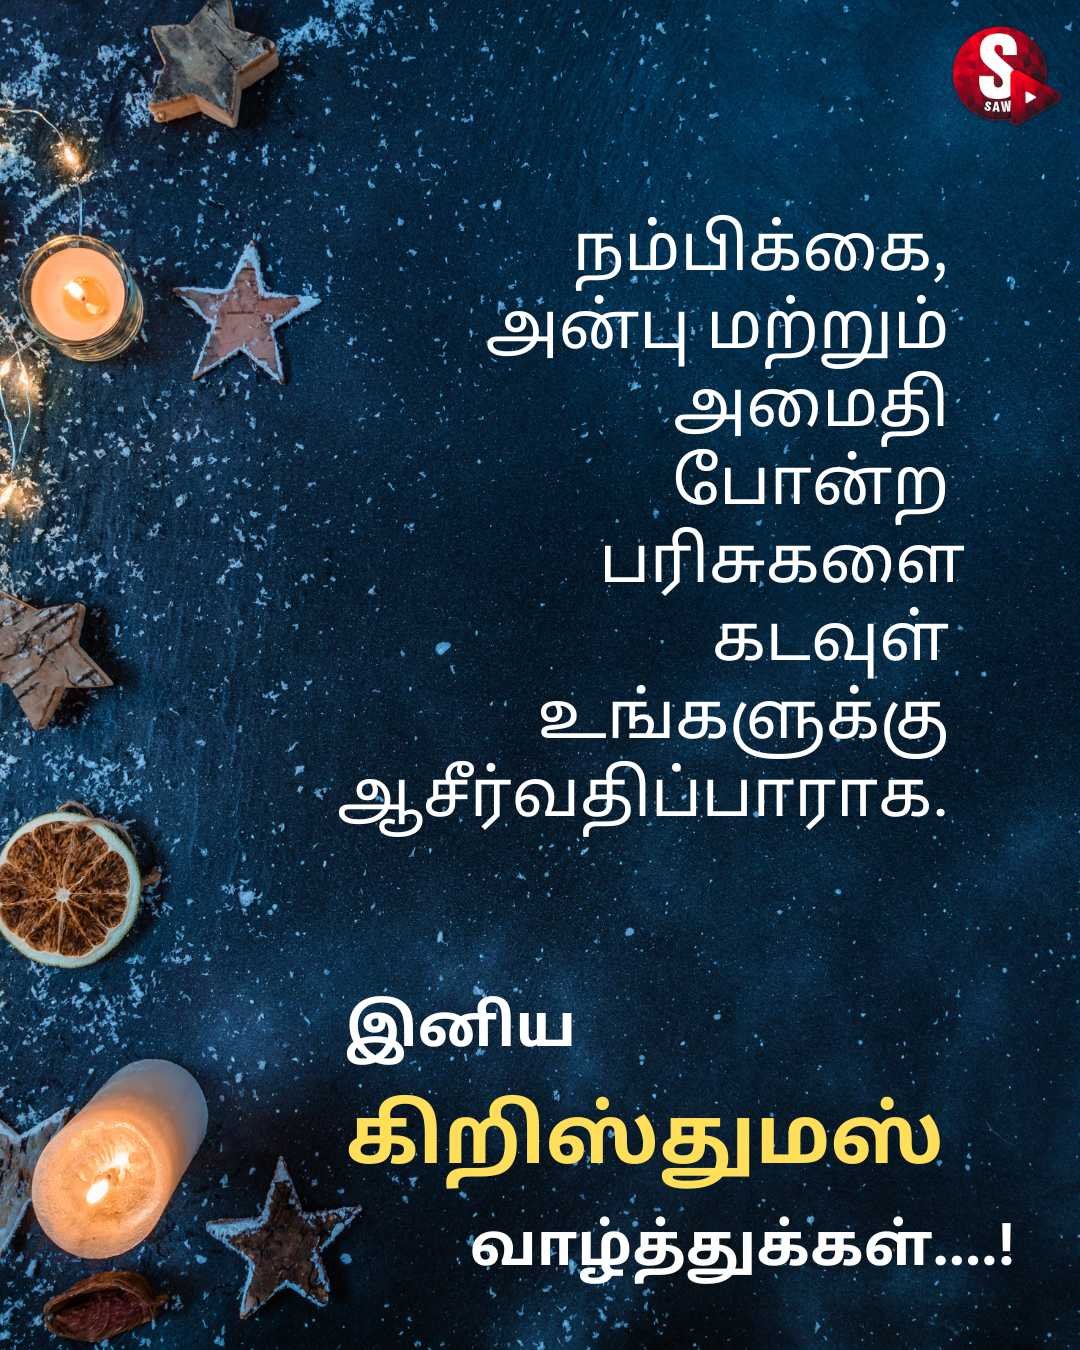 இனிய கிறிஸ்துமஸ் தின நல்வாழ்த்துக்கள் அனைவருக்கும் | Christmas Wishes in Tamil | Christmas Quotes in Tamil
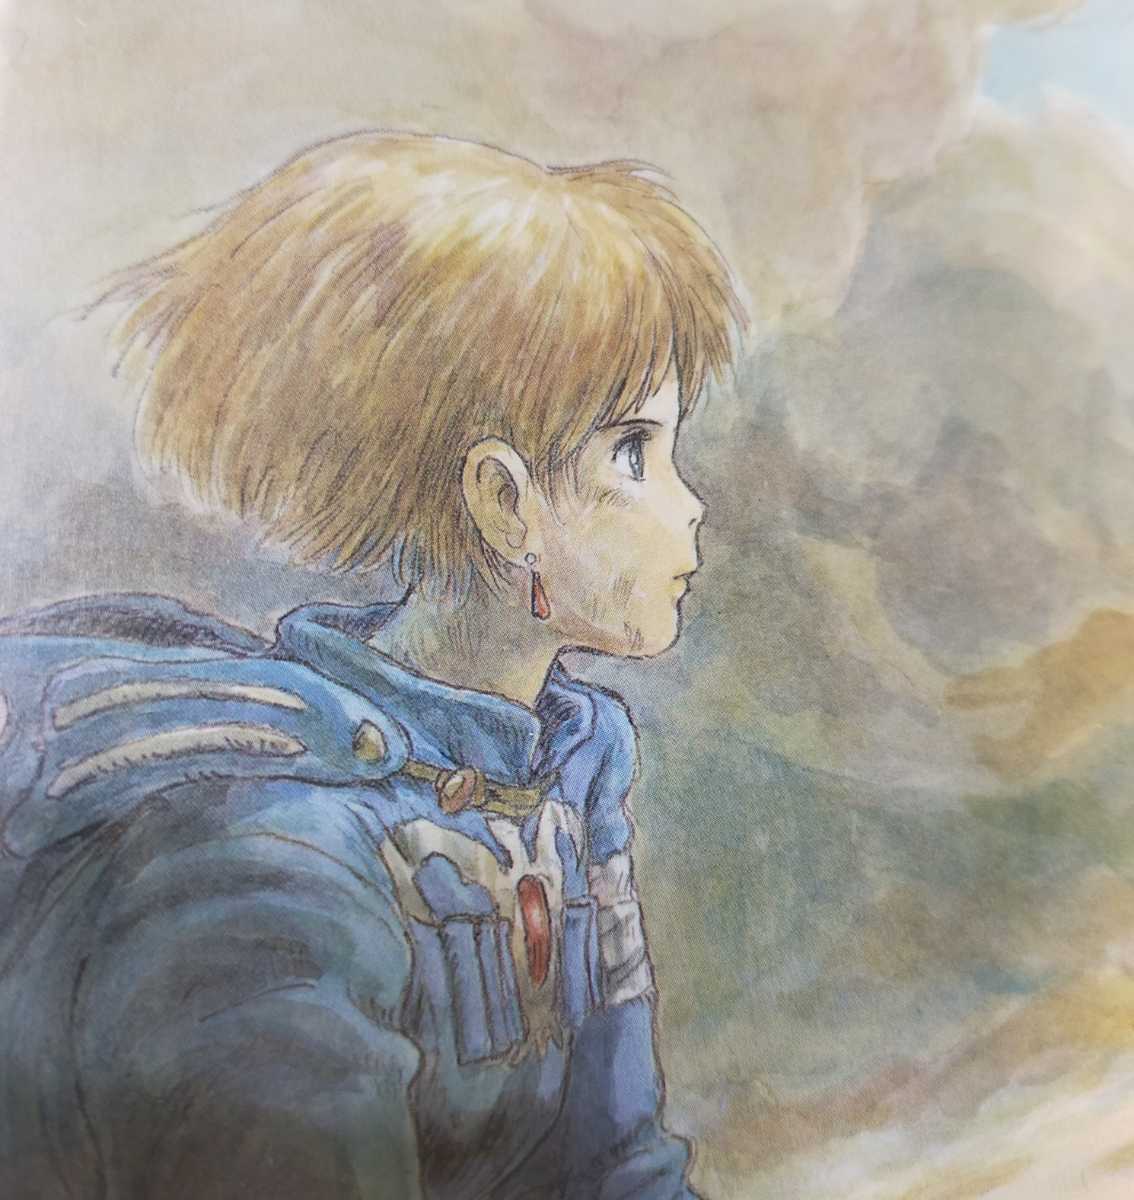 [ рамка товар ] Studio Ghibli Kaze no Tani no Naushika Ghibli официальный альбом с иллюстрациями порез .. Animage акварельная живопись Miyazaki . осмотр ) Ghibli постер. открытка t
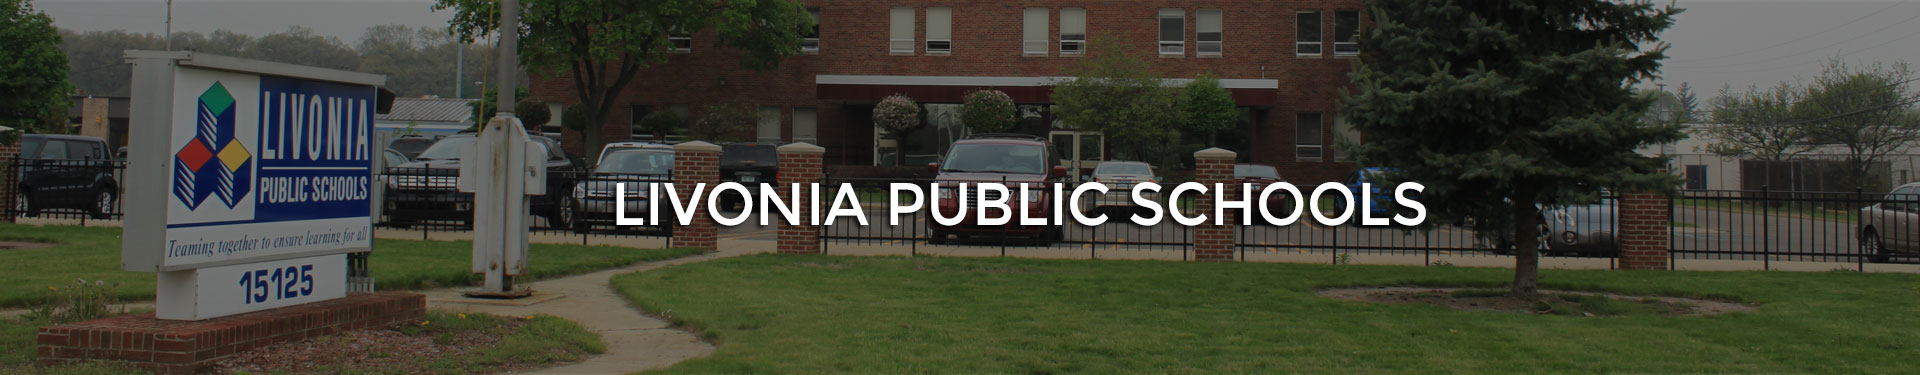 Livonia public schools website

◇ ◇ ◇ ◇ ◇ ◇ ◇

What is being asked ▸ Repeat the data verbatim, excluding all pictures.

Exercise output ▸
 இனிய கிறிஸ்துமஸ் தின நல்வாழ்த்துக்கள் அனைவருக்கும் | Christmas Wishes in Tamil | Christmas Quotes in Tamil
 [ рамка товар ] Studio Ghibli Kaze no Tani no Naushika Ghibli официальный альбом с иллюстрациями порез .. Animage акварельная живопись Miyazaki . осмотр ) Ghibli постер. открытка t
 Livonia public schools website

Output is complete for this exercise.